[[ Collected material, beginning ]]
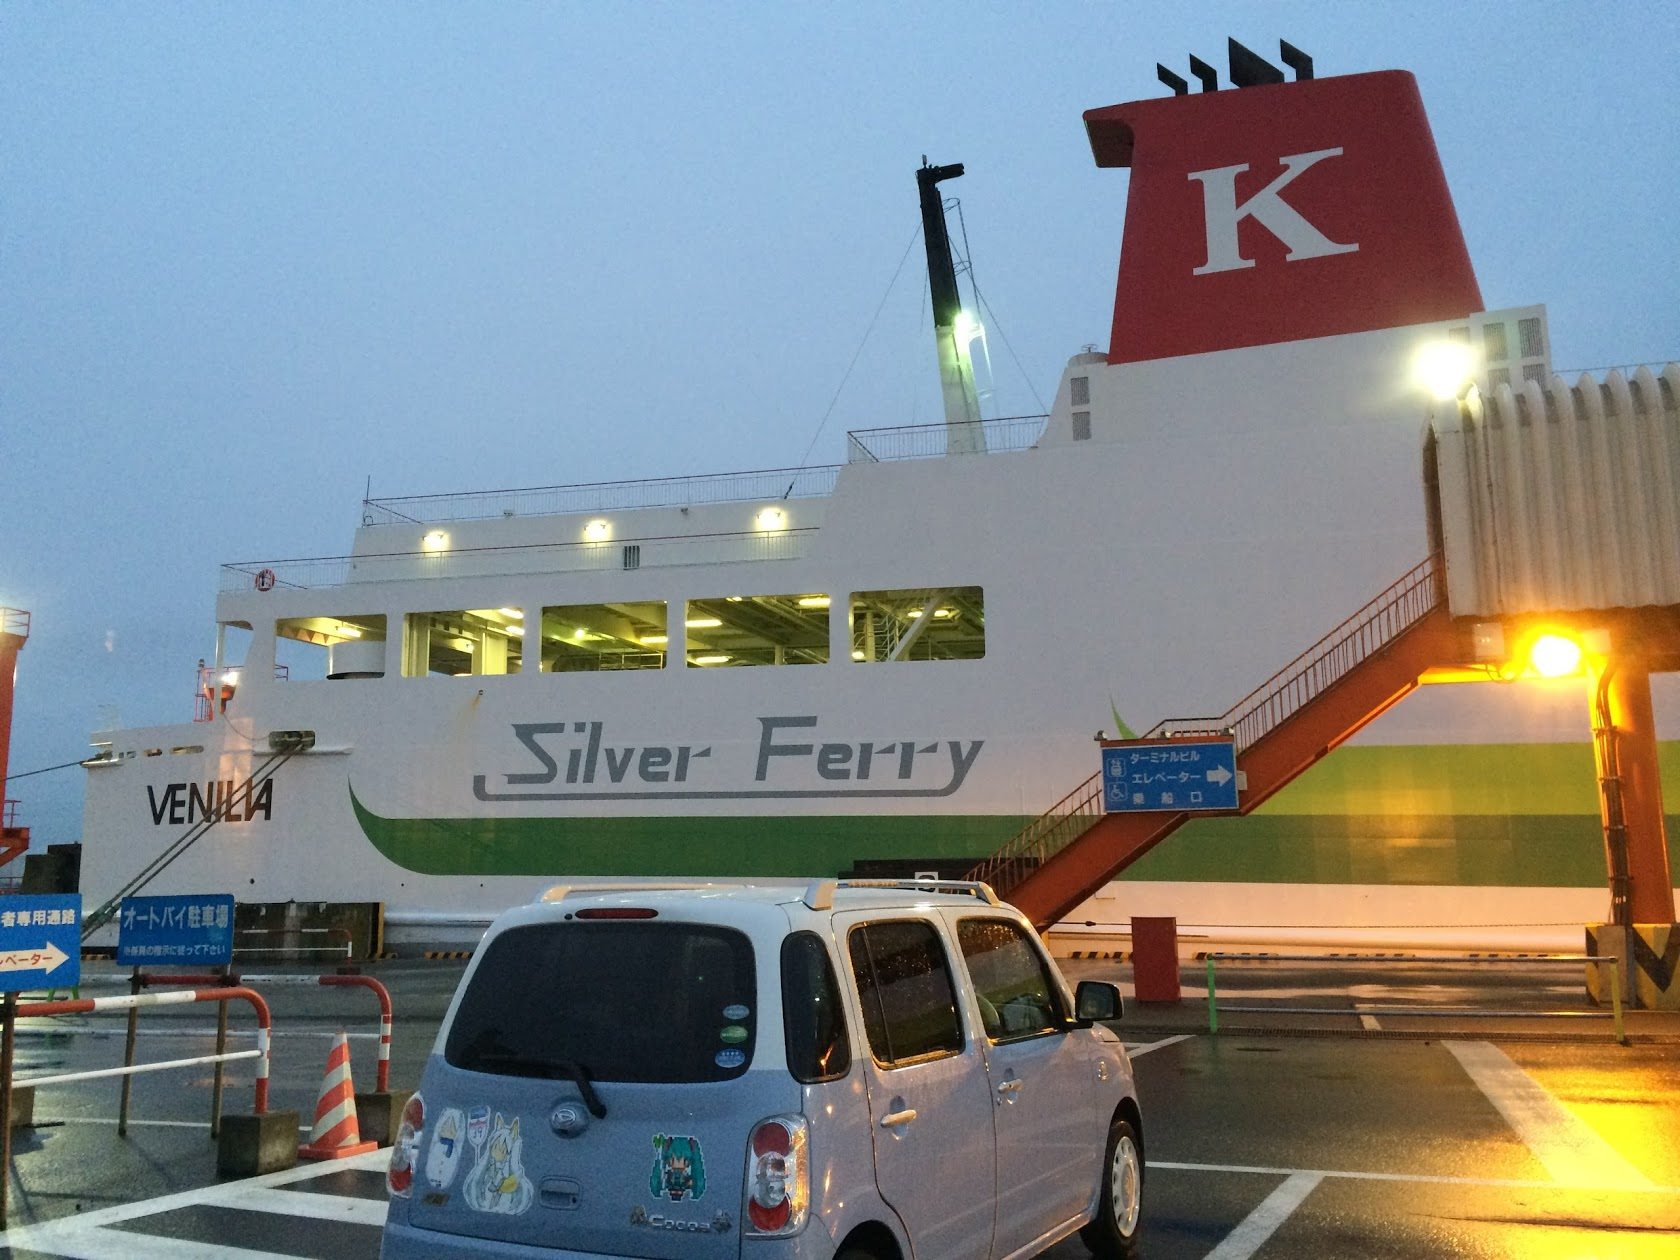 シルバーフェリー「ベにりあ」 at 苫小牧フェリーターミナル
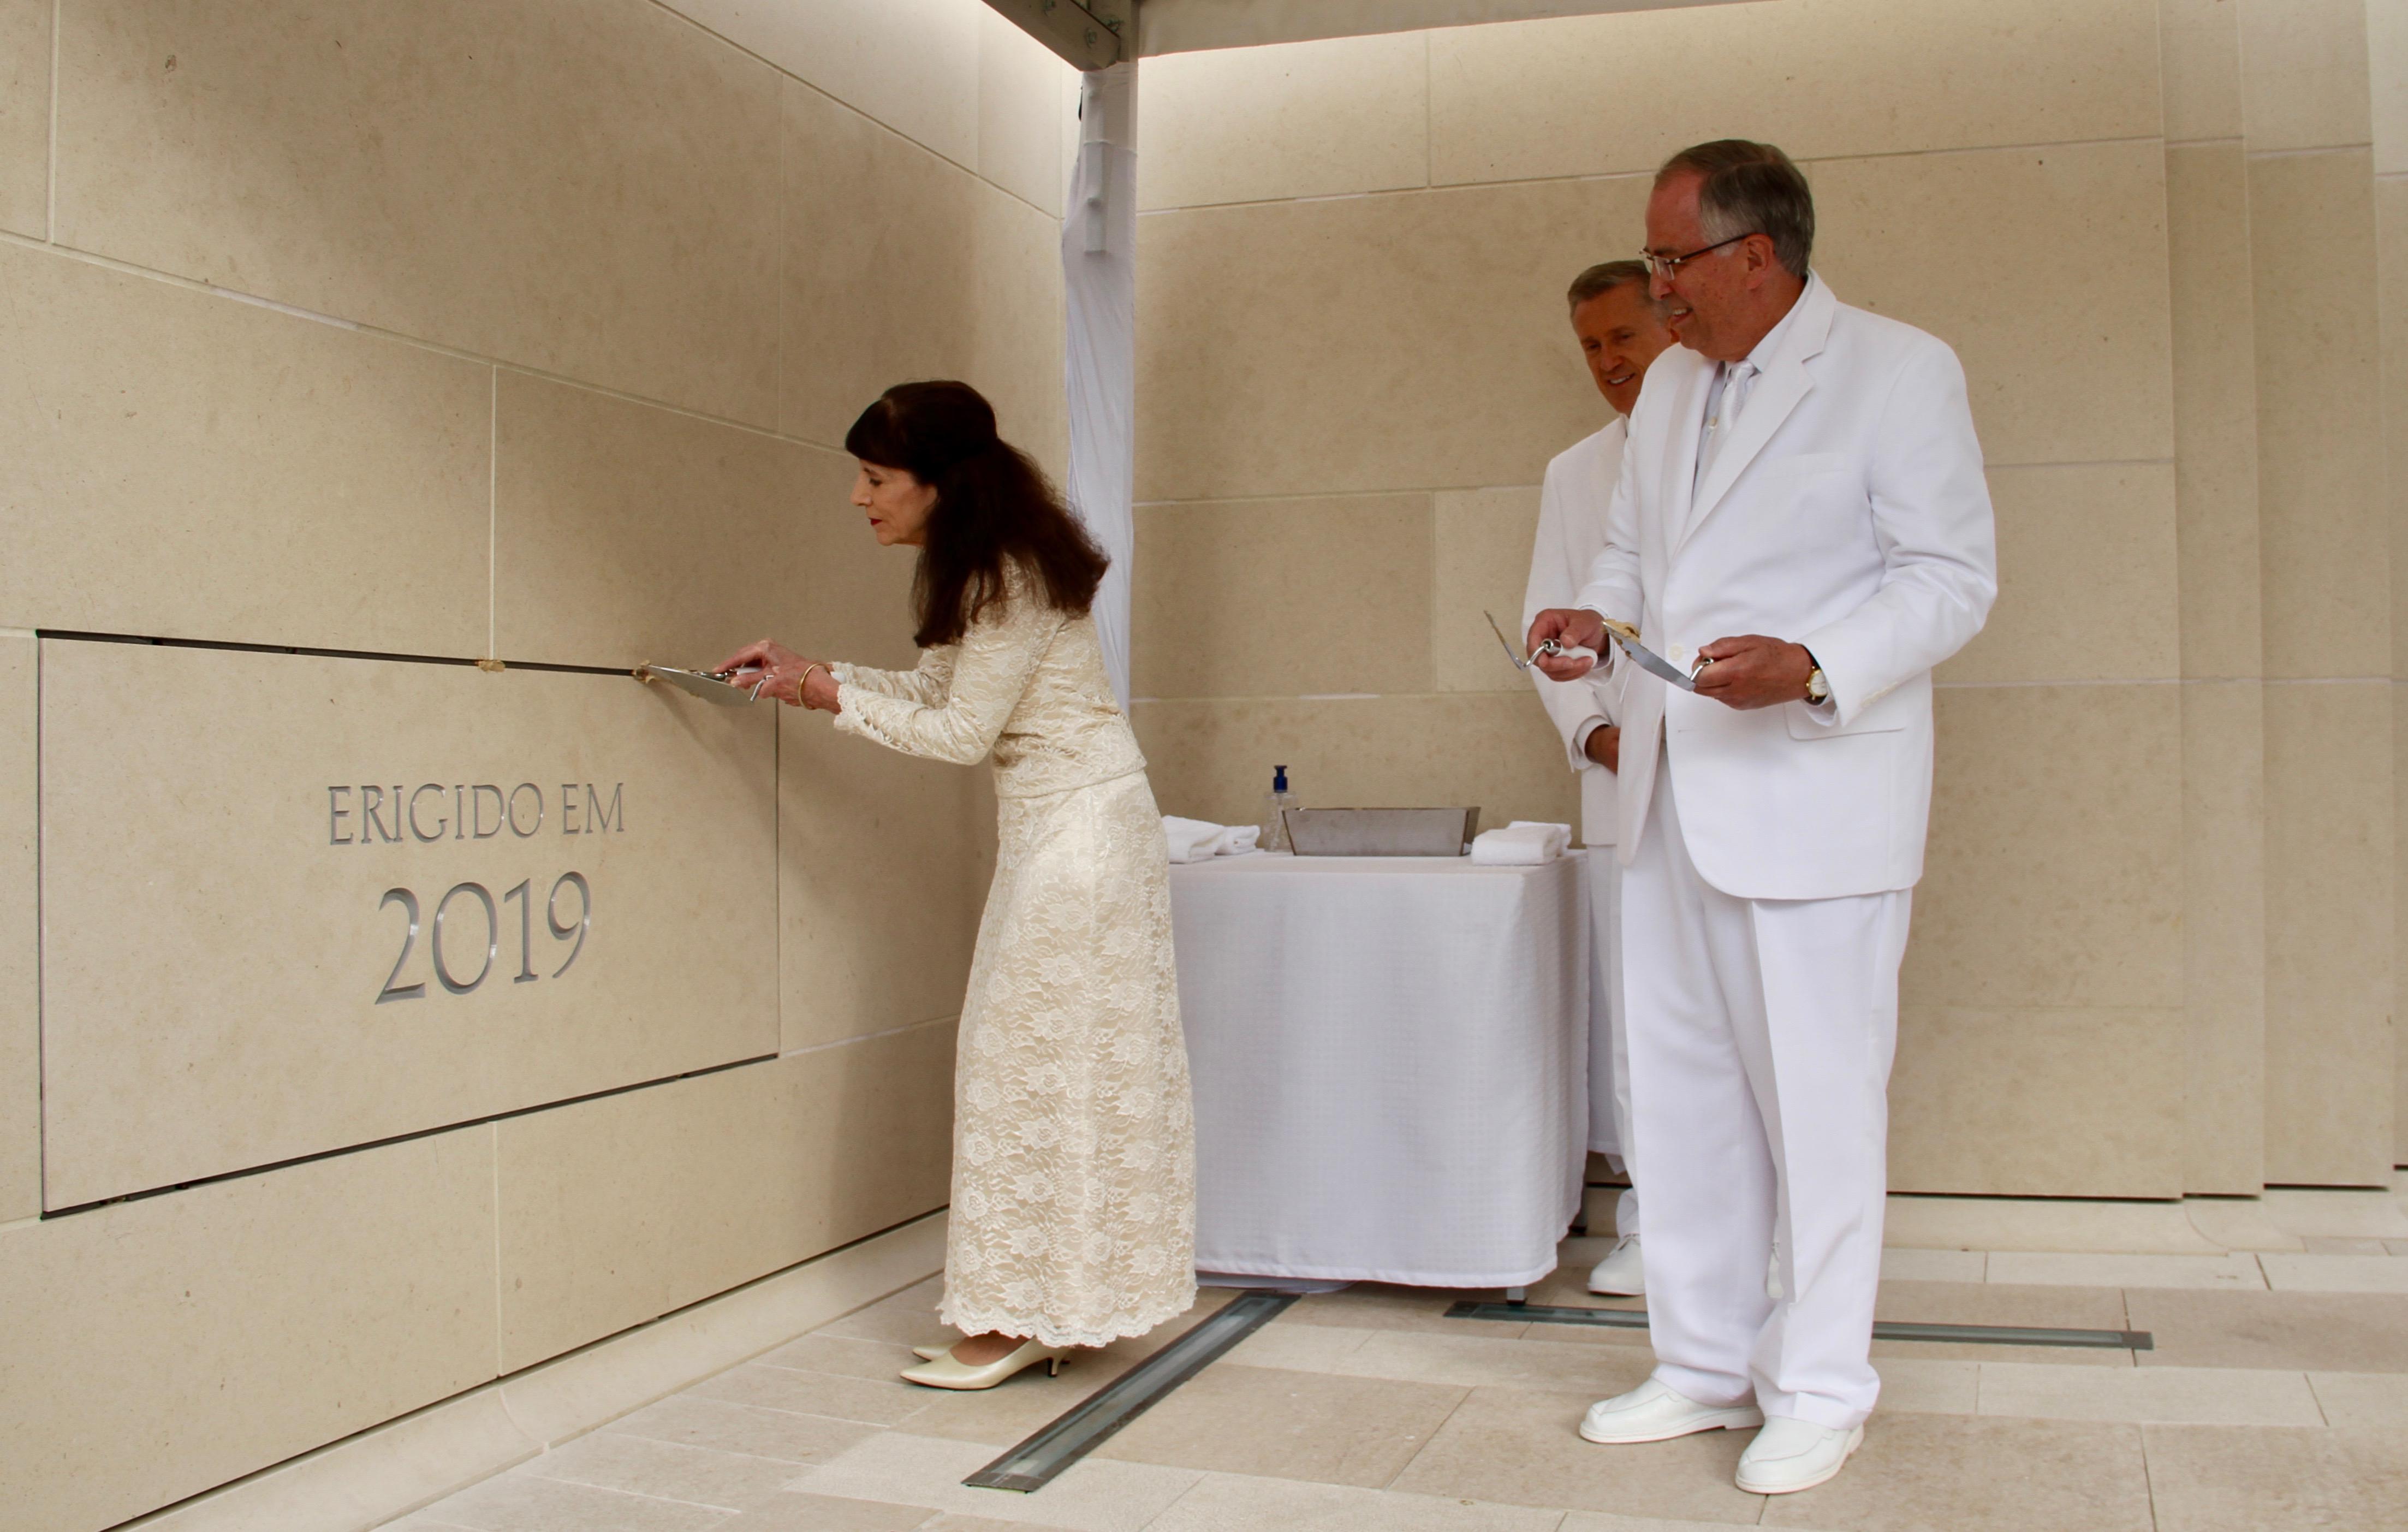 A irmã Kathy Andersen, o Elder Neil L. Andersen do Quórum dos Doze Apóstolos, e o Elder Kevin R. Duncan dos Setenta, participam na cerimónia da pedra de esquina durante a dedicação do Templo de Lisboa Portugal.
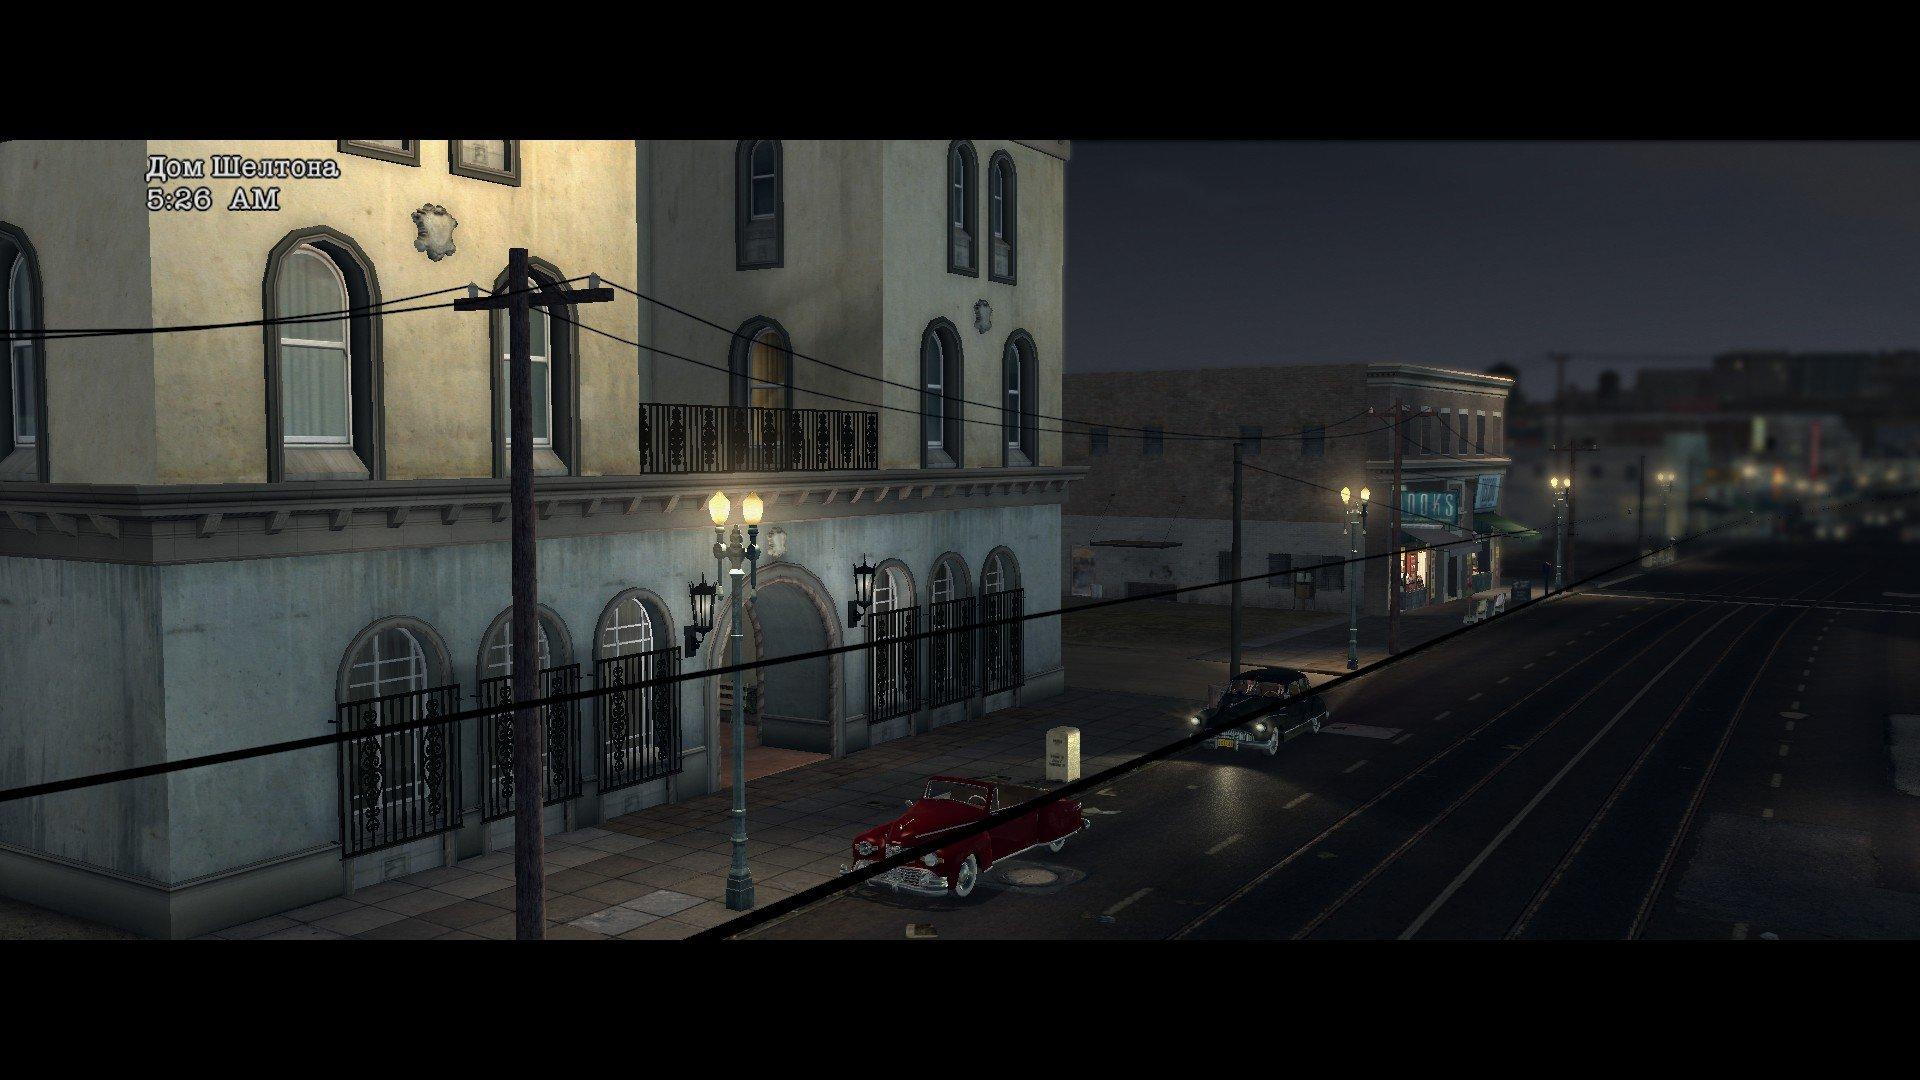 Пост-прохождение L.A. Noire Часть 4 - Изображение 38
[[ Collected material, end ]]
> Exercise goal
Without including a single picture, restate all of the data word for word.

> Written reply
 シルバーフェリー「ベにりあ」 at 苫小牧フェリーターミナル
 A irmã Kathy Andersen, o Elder Neil L. Andersen do Quórum dos Doze Apóstolos, e o Elder Kevin R. Duncan dos Setenta, participam na cerimónia da pedra de esquina durante a dedicação do Templo de Lisboa Portugal.
 Пост-прохождение L.A. Noire Часть 4 - Изображение 38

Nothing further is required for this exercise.